「ビキニ・デモ」に沈黙する民主統合党
李明博(イ・ミョンバク)大統領に対する名誉毀損(きそん)罪で実刑判決を受け、服役中の鄭鳳株(チョン・ボンジュ)前議員の釈放を求める「ビキニ・デモ」が物議を醸している。
一部の女性たちが、ビキニ姿で胸の上の部分に「胸が張り裂けるほど鄭鳳株の釈放を願う」などと書いた写真が「『出てこい! 鄭鳳株』国民運動本部」のウェブサイトに掲載され、インターネット上で大きな話題を呼んだ。さらに、インターネット放送「ナヌン・コムスダ(私は小ざかしいの意、通称ナッコムス)」の番組司会者キム・ヨンミン氏が「鄭鳳株前議員は現在、性欲抑制剤を服用しているから、安心して水着姿の写真を送ってほしい」と発言、また別の司会者で時事週刊誌「時事IN」記者のチュ・ジンウ氏は、鄭前議員との面会を申請する書類に「(ビキニ姿の女性の)胸を利用した応援メッセージはすごい。(性的な興奮によって出る)鼻血に注意しろ!」と書き込み、その写真を簡易投稿サイト「ツイッター」に掲載したことから「セクハラ騒動」へと発展した。
このような行為を「新たな政治的表現」と捉える考え方もあるが「ビキニ・デモ」に対するナッコムスの関係者たちの発言に対しては、不快感を示す女性たちが少なくない。これまでナッコムスを支持してきた小説家の孔枝泳(コン・ジヨン)氏もツイッターに「胸の写真の掲載を擁護するマッチョ(男性優越主義者)たちのセクハラ的で不快な書き込みや、自ら(胸の写真を掲載することが)『殺身成仁(仁義・正道のため自分を犠牲にすること)的な犠牲だ』と主張する女性たちの書き込みには、ただ驚くばかりだ」と書き込み、ナッコムスに謝罪を要求した。
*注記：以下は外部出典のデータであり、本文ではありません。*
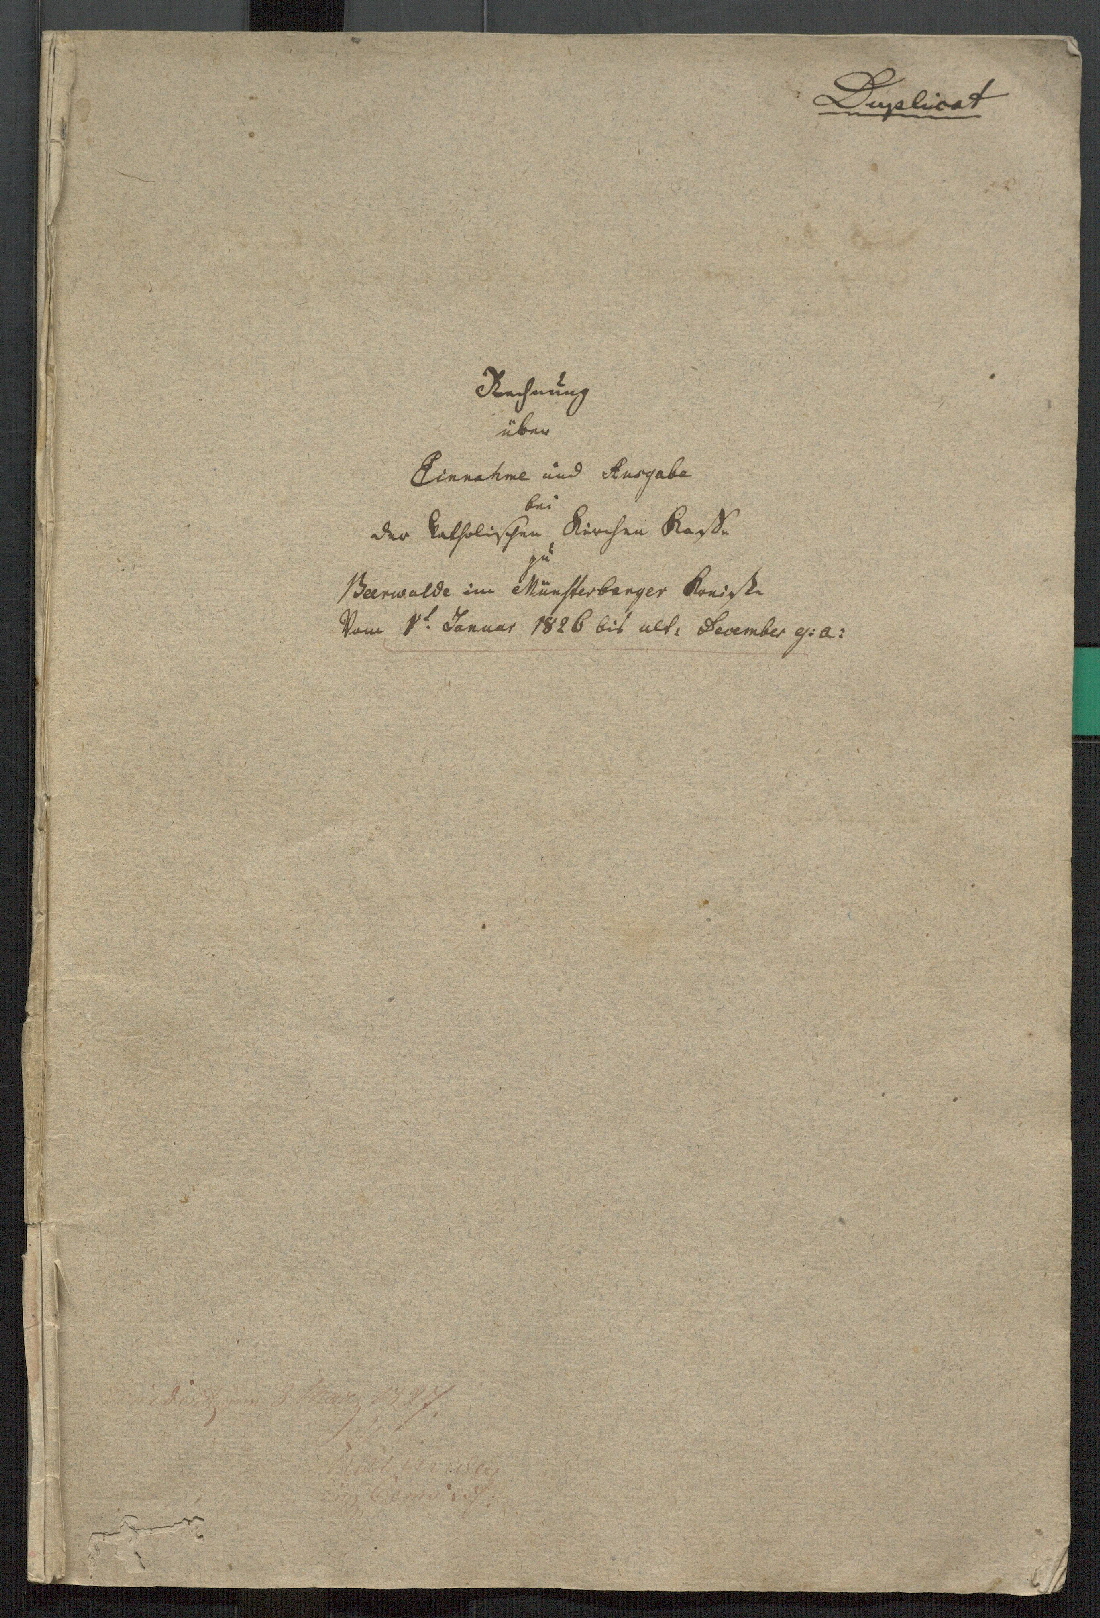 Bärwalder Kirchenkassenbuch 1826, Vorderseite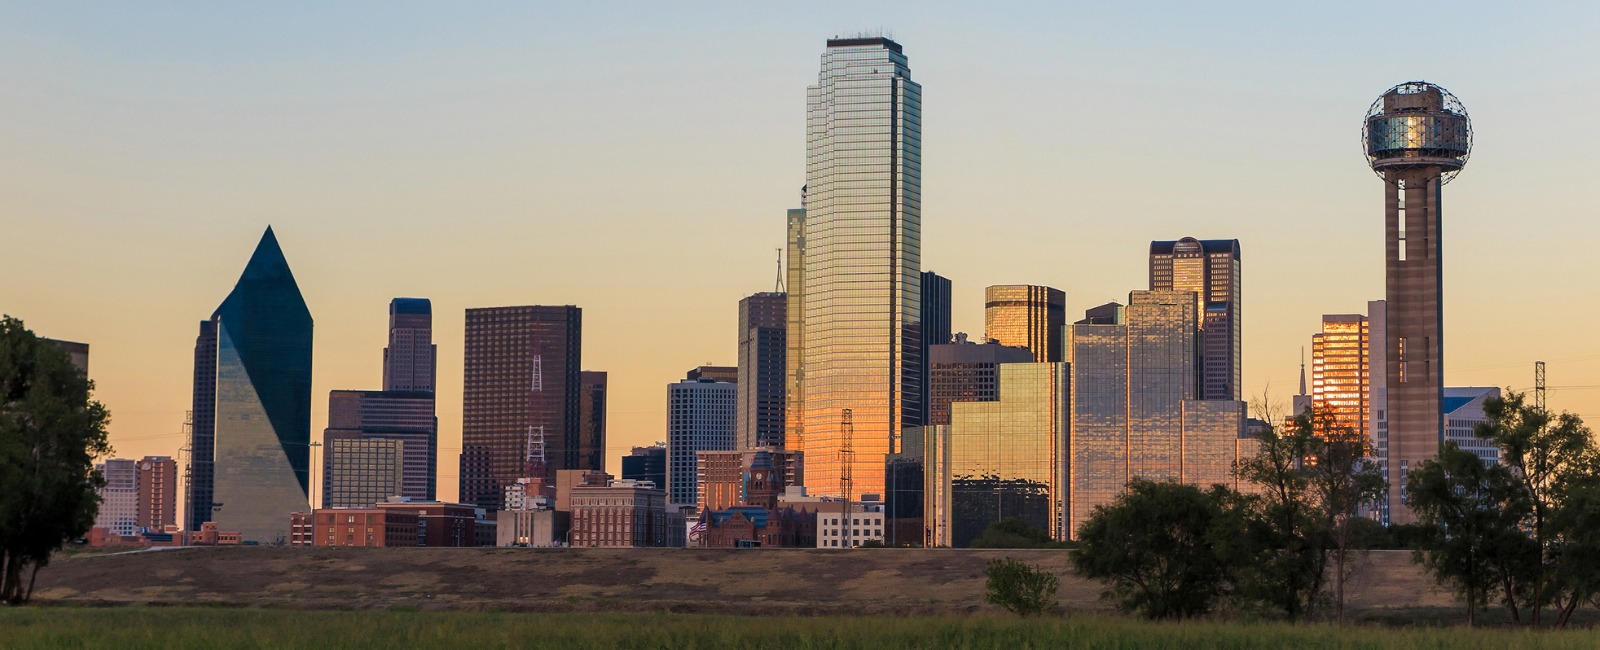 Dallas Skyline at dawn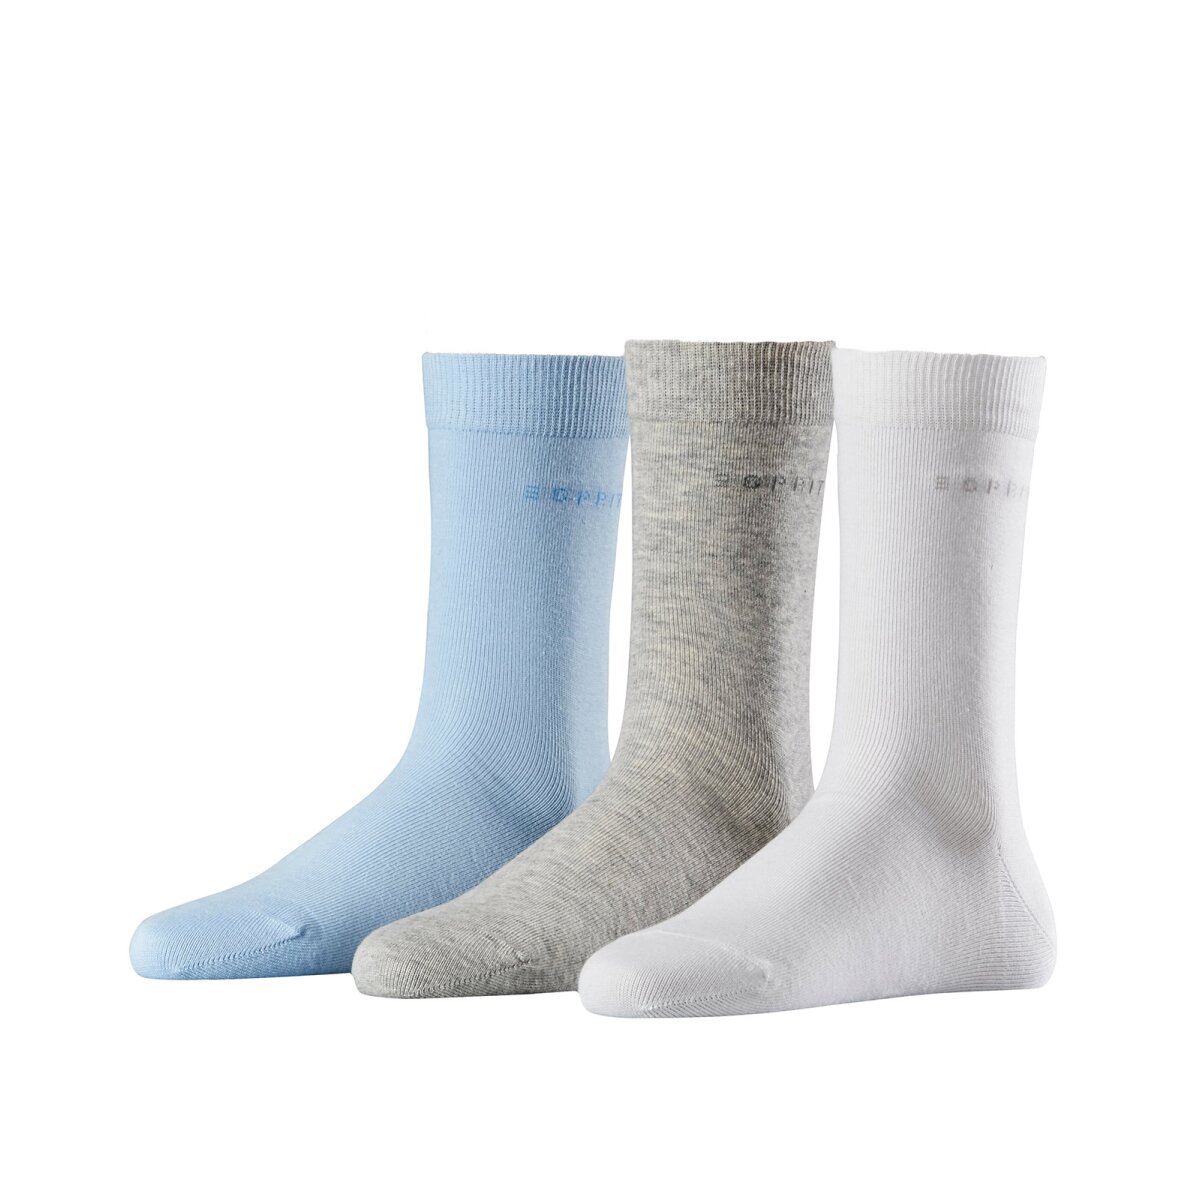 Esprit Damen Socken Solid-Mix 3er Pack; Einheitsgröße 36-41 - Farbena

だが、野党・民主統合党は、この問題から目を背けている。30日に行われた最高委員会議でも取り上げられず、党レベルでのコメントを発表したり、記者会見なども行われていない。最高委員9人のうち、韓明淑(ハン・ミョンスク)代表と朴映宣(パク・ヨンソン)、ナム・ユンインスン両氏の計3人が女性だ。同党執行部は発足に当たり「政党の歴史上、執行部に占める女性の割合がこれほど高いことはなかった。本格的な女性の政治参加の時代が始まった」とコメントした。女性運動家枠で指名制の最高委員に任命されたナム氏は初会合で「(執行部に女性が増えたことから)民主統合党は女性たちに大いに希望を与える政党だ」と述べた。
それにもかかわらず、民主統合党は今回の騒動について、党レベルの公の場で言及するほどの問題ではないとの姿勢を示している。同党の関係者は「ビキニ・デモが厄介な問題だというのは事実だが、基本的に表現の自由の問題であり、インターネットの自浄機能に任せておけば、すぐに鎮静化するだろう」と語った。
同党はこれまで、ナッコムスを支持するような行動を取ってきた。今月半ば、党代表選挙に出馬した候補者ほぼ全員が「鄭鳳株前議員の釈放に向け先頭に立つ」と公約した。ナッコムスの支持者たちの票を得るためだ。今月26日には、韓代表をはじめとする同党執行部が忠清南道の洪城刑務所を訪れ、鄭前議員と面会した。このような状況で、同党が今回の問題について沈黙していることを理解できないわけではない。
だが「ビキニ・デモ」の問題は、表現の自由の問題かどうかという次元を超え、すでに性的な話題となっている。「性欲抑制剤」や「鼻血」といった表現について「性的な発言ではない」と主張する人がどこにいるだろうか。民主統合党は「進歩」を標榜し、政権交代を果たすと公約してきた。多くの女性たちの怒りを買っているセクハラ騒動に対し沈黙する政党が、果たして女性の政治参加を促進し、女性たちに希望を与えられるのか、甚だ疑問だ。民主統合党の幹部は「ナッコムスの『怖いもの知らずの身軽さ』が怖い」と語った。同党は今、その身軽さに翻弄されているのではないだろうか。